Some of us love deeply but return slowly. If you long for connection but disappear sometimes, you're not alone — or broken.

6/19/2025

I crave deep connection.

The kind where you can sit in silence and still feel seen.
The kind where messages don’t have to be constant, but the bond stays warm underneath.
The kind where you can send a “thinking of you” after three weeks of silence, and it doesn’t feel awkward.
The kind where I don’t have to perform.

But here’s the truth: I’m really bad at staying in touch.

I forget to reply.
I draft messages in my head and never send them.
I open a text and freeze.
I put off calling because the idea of small talk makes my chest tight.
And sometimes, the guilt of “not showing up enough” makes me disappear even more.

It’s not because I don’t care.
It’s because caring feels heavy in a tired body and a noisy brain.
Because my executive function collapses under the weight of emotional labor.
Because I overthink every word, every delay, every pause in the conversation.
Because I’m scared of being “too much” and “not enough” — at the same time.

But I still want connection.

I want soft friendships, low-pressure check-ins, spaces where silence isn’t taken personally.
I want people who understand that my absence isn’t distance — it’s dysfunction, distraction, dysregulation.
And that when I come back, it’s because I trust them enough to return.

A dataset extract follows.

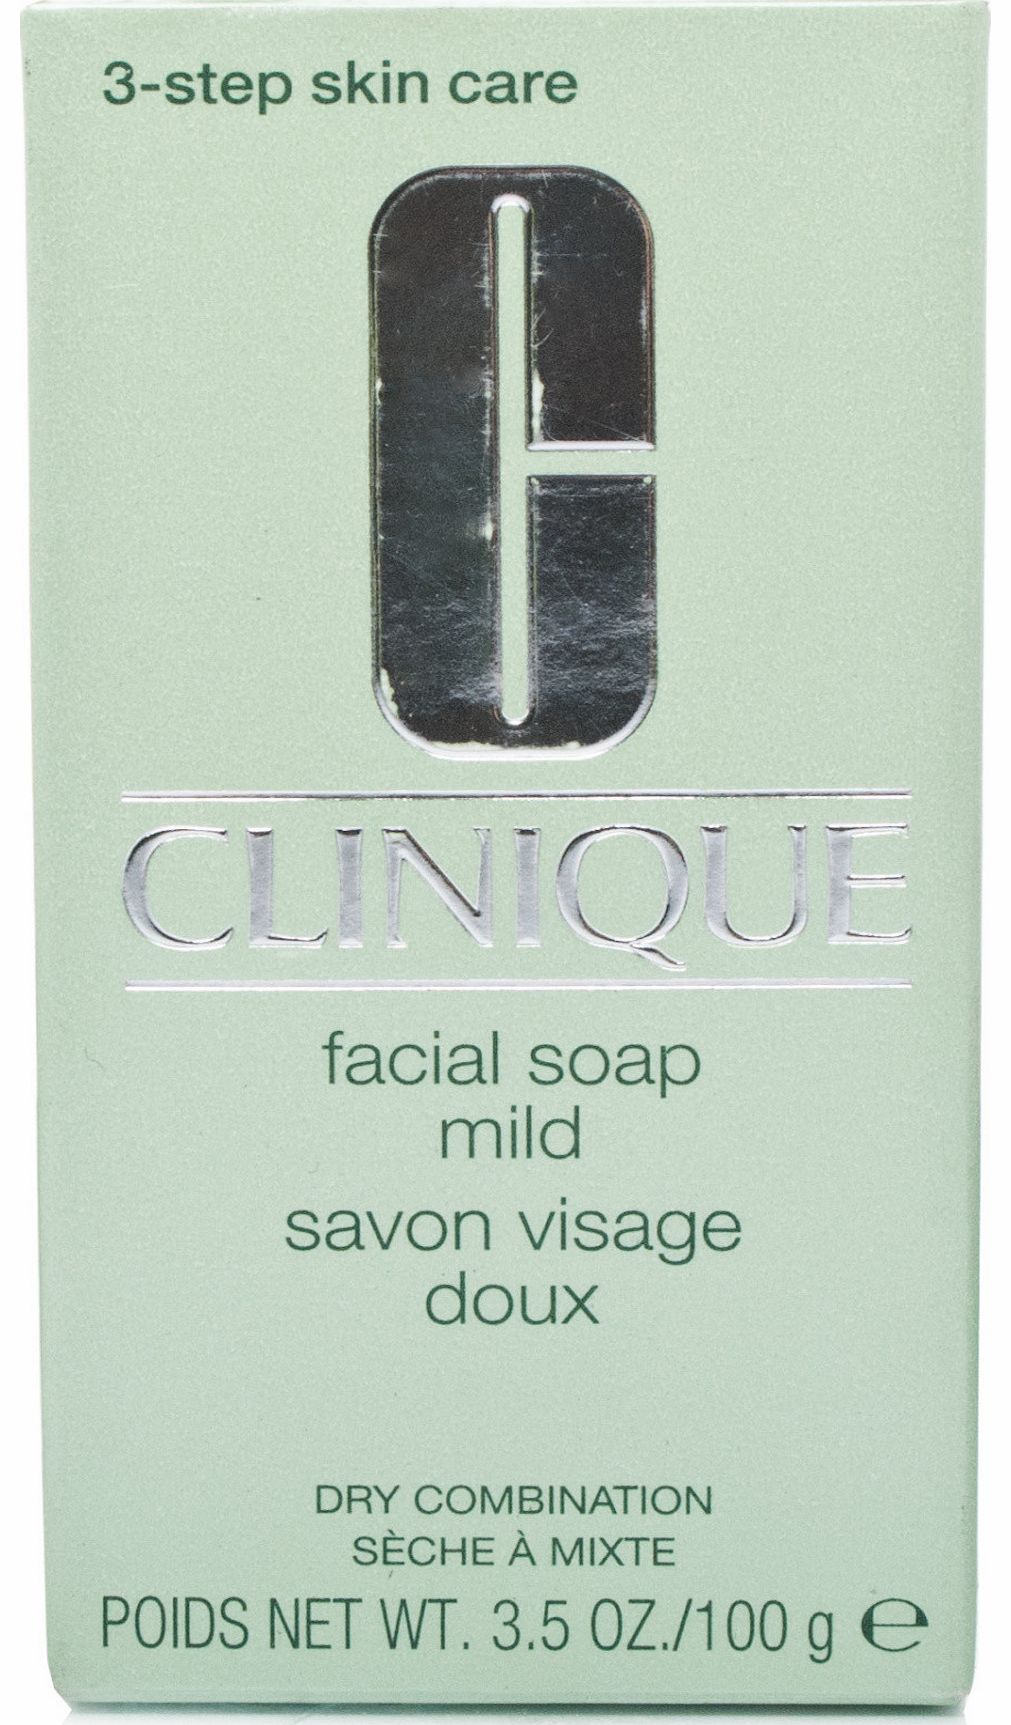 Facial Soap Mild (without dish)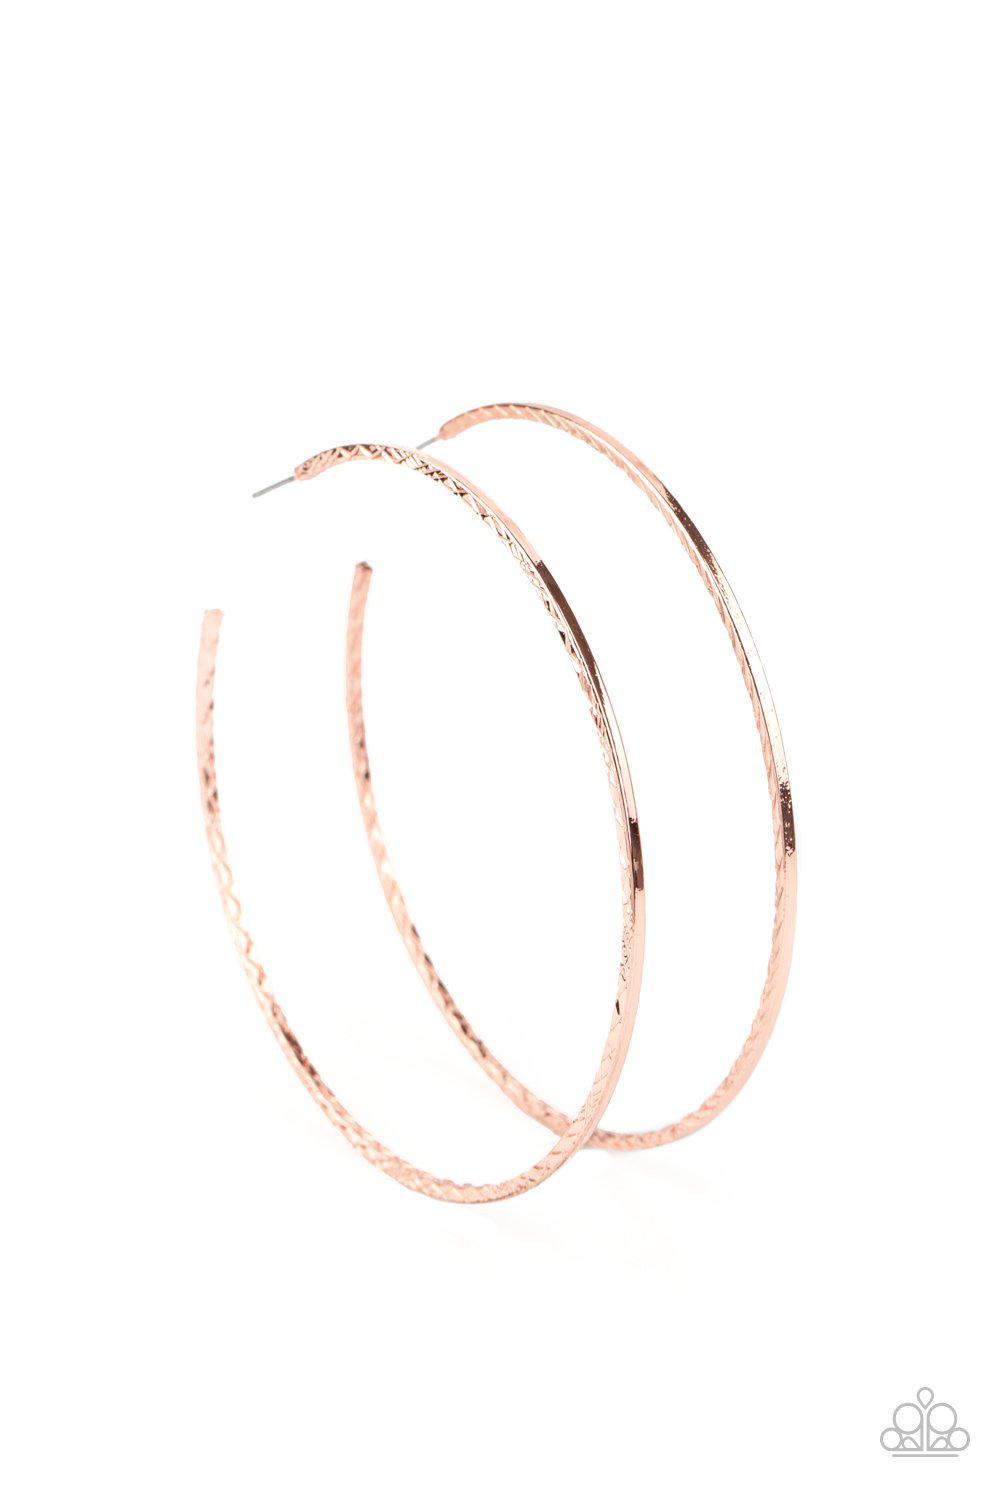 Diamondback Diva Copper Hoop Earrings - Paparazzi Accessories - lightbox -CarasShop.com - $5 Jewelry by Cara Jewels

So if you’re like me — if you long for closeness but vanish into your brain for days or weeks at a time —
you’re not broken.

You’re just wired differently.
And you’re allowed to need space and love at the same time.
You’re allowed to be inconsistent and still be deeply caring.

Some of us love quietly.
Some of us return slowly.
Some of us don’t show up often — but when we do, it’s real.